This is the challenge the German automotive industry is currently dealing with. It has always been strong in manufacturing at scale, while for example Tesla as a young competitor is way more software driven. Building a prototype everyone loves does not mean that it is ready for mass production — no matter if it is hard- or software. Tesla experienced it the other way around than German OEMs, when they had to scale the Model 3 production and had to move parts of the production into a temporary tent.
The following schematic describes common IoT set-ups in some more detail
Sensors measure relevant information e.g. on machines or devices. The events need to pass a gateway: Data from the devices/sensors needs to be preprocessed (often filtered to reduce volume) and translated as different communication technologies are used, e.g. Bluetooth on the sensor/actor side and LAN on the cloud side.
In the cloud the incoming events are monitored and evaluated. Different actions can be carried out based on the insights that are gained.

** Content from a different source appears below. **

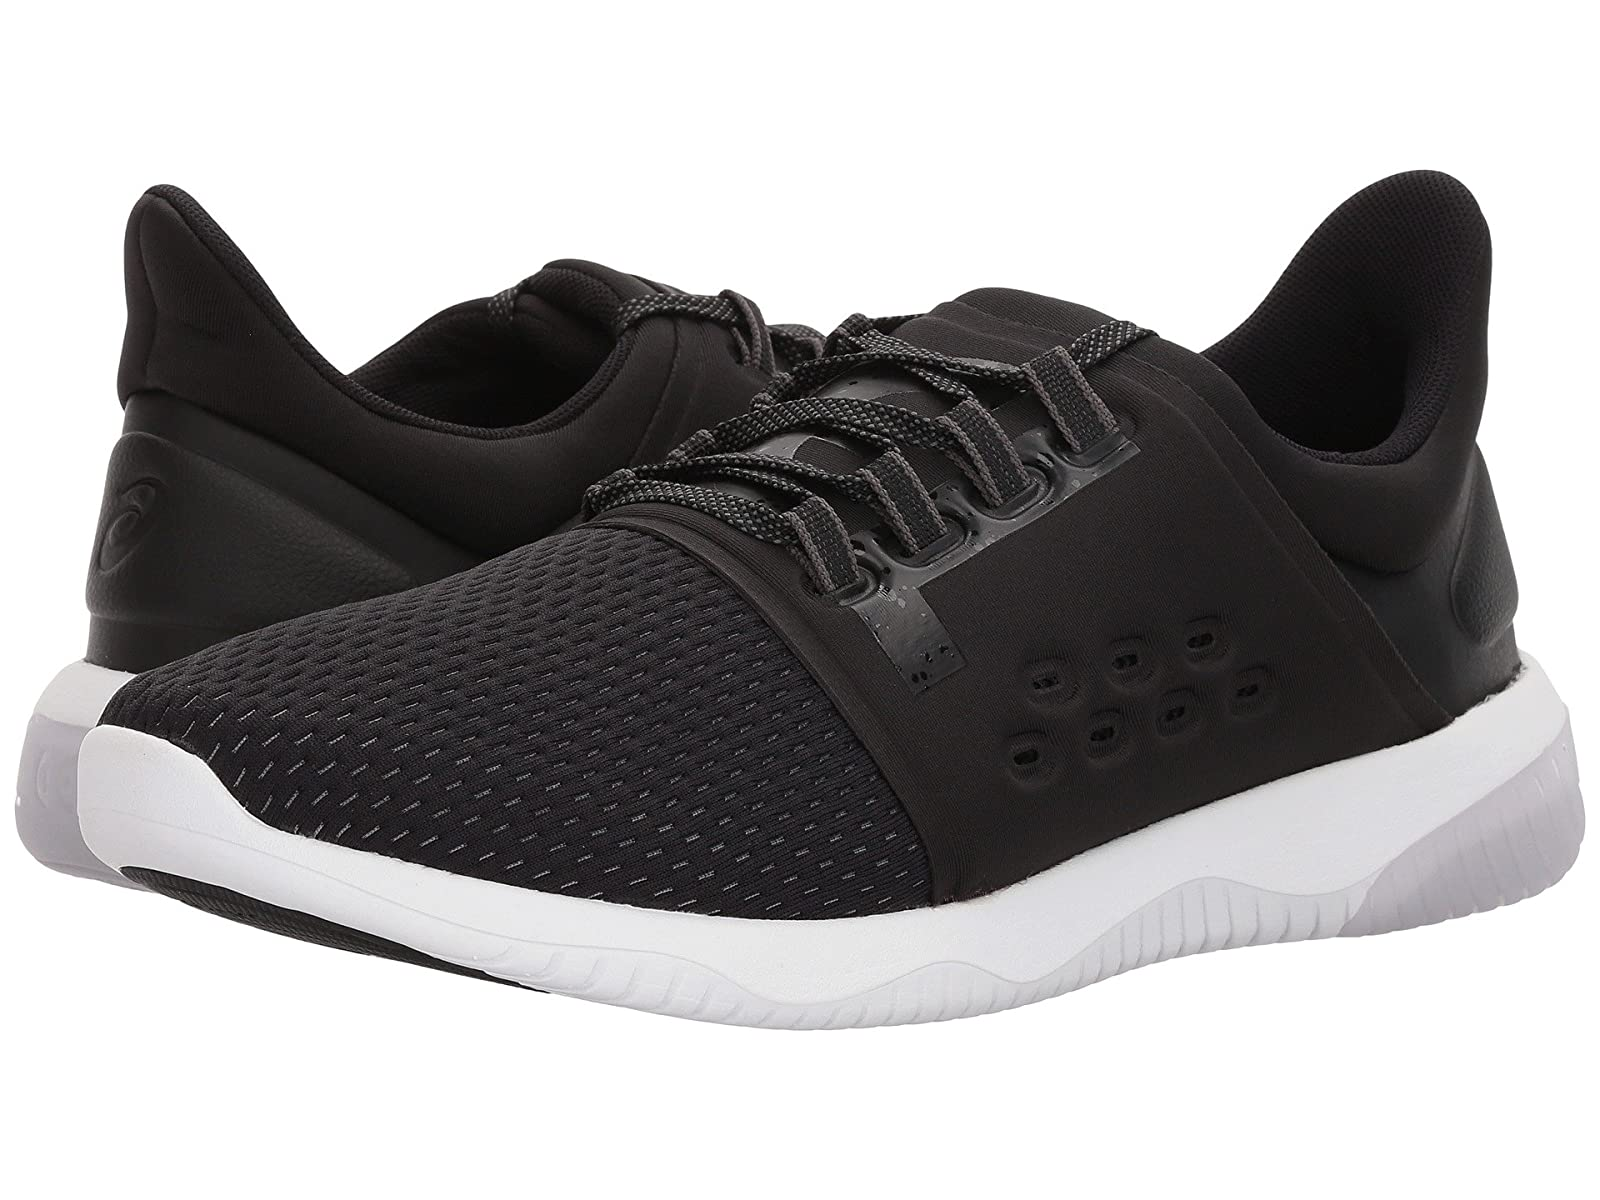 ASICS GEL-Kenun LyteCheap and distinctive eye-catching shoes

The large cloud providers offer their individual IoT environments (e.g. AWS, GCP, Azure). However, it may become more complicated when you work on premises without a private cloud to prohibit a vendor lock and costs that are hard to estimate. For industrial IoT (IIoT) there are large companies like Bosch that offer gateway solutions, and also provide software on the application side — for example Siemens offers its cloud platform MindSphere.

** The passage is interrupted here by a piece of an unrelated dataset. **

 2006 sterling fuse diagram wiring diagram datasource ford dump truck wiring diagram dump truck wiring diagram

What is the benefit? IoT allows for new business cases and to increase efficiency. You gain the information value cycle that suits particularly well for consumer electronics at scale when improving the application software continuously:
The technological expertise needed to be able to run in this circle is high. Most efforts happen on the application side — hence within the software running in the cloud.
The following section explains different use-cases.
Monitor, analyze, act
When you have the gateway under control, possibly large amounts of data arrive in the cloud or your own IoT platform.
Depending on the use-case of IoT, the monitor, analyze, act triad that needs to be built in software, must be considered in different ways. This is broken down in the following schematic, where maintenance/service, demand-driven business, and machine to machine use cases are described.
This use-case is dominant in predictive maintenance in production processes, even for smaller endeavors. In suitable business-cases it is assumed that prediction of failure by monitoring and analyzing the condition of expensive production parts with help of suitable sensors, can prevent them from breaking. Instead a much cheaper repair can circumvent long down-times and large costs.
Service can mean to use a downtime of the production-chain for cost-minimal replacements/repair. A typical example where IoT is successfully employed are wind turbines, but you could also have middle-class use-cases, such as reducing downtimes for filling machines of a beverage supplier.
The goals here are to reduce costs and/or increase revenue by having to spend less on spare parts and having fewer downtimes.
Business actions can be triggered. For example, when wind turbines run into problems, the stakeholders can start understanding under which conditions it happens. Then they can be optimized based on this knowledge.
This use-case may be for consumer goods, for example in vending machines. User-interaction can be stored and analyzed. Gained insights may be used for further optimization of the business, for example by adjusting the marketing strategy.
The goals are to increase revenue, optimize service and its costs.
Machine to machine:
Automation is every manager’s favorite goal.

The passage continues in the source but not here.